Google taught DeepMind to play Atari games all on its own, but letting humans help may be faster, according to researchers from Microsoft and Germany. They invited folks of varying skills to play five Atari 2600 titles: Ms. Pac-Man, Space Invaders, Video Pinball, Q*Bert and Montezuma's Revenge. After watching 45 hours of human gameplay, the algorithm could beat its mentors at pinball, though it struggled at Montezuma's revenge -- just as Deepmind did.
Unlike with DeepMind's trial-and-error methods (below), however, the human-aided AI learned to play the games in less time than other AI systems. "Current state-of-the-art approaches require millions of training samples," the paper states. "A promising way to tackle this problem is to augment [deep learning] from human demonstrations."

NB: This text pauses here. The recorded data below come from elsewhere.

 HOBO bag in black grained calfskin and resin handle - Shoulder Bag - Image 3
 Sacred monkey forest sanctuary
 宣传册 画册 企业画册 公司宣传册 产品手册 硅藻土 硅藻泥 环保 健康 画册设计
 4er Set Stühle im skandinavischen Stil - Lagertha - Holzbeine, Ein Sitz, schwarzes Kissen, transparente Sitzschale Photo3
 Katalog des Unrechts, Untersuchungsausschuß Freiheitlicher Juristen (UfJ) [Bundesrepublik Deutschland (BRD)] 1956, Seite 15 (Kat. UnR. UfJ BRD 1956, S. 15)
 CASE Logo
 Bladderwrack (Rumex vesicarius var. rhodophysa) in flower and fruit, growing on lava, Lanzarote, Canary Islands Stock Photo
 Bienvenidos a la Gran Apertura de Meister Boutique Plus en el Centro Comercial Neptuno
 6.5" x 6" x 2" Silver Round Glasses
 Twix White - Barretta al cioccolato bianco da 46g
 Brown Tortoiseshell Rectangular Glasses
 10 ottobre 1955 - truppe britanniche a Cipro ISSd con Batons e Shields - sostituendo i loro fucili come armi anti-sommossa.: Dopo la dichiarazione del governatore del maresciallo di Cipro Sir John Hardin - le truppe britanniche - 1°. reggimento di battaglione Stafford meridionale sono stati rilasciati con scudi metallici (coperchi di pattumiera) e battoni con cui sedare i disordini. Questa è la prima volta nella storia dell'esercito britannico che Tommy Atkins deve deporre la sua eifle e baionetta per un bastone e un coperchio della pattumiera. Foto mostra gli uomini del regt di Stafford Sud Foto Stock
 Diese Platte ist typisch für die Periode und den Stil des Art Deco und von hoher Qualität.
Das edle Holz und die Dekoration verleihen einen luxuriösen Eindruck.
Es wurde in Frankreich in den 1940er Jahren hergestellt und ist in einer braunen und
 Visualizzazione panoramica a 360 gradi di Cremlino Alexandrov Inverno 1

In the end, the study collected 45 hours of 60 fps gameplay, around 9.7 million frames in all. After crunching that data, the machine could beat humans at pinball and match them at Q*Bert and Space Invaders, though it was overmatched in both Ms. Pac-Man and Montezuma's Revenge.
The team acknowledges that the latter, more strategy-oriented titles are still giving the machine fits. However, it found that recording the feats of better players gives better results, so it's using that data to tweak the next round of research. "The most important development of the dataset is to collect more data from professional players who achieve higher scores," the researchers explain. If you want to do your own study, the massive 12.5 GB dataset is available for anyone to use.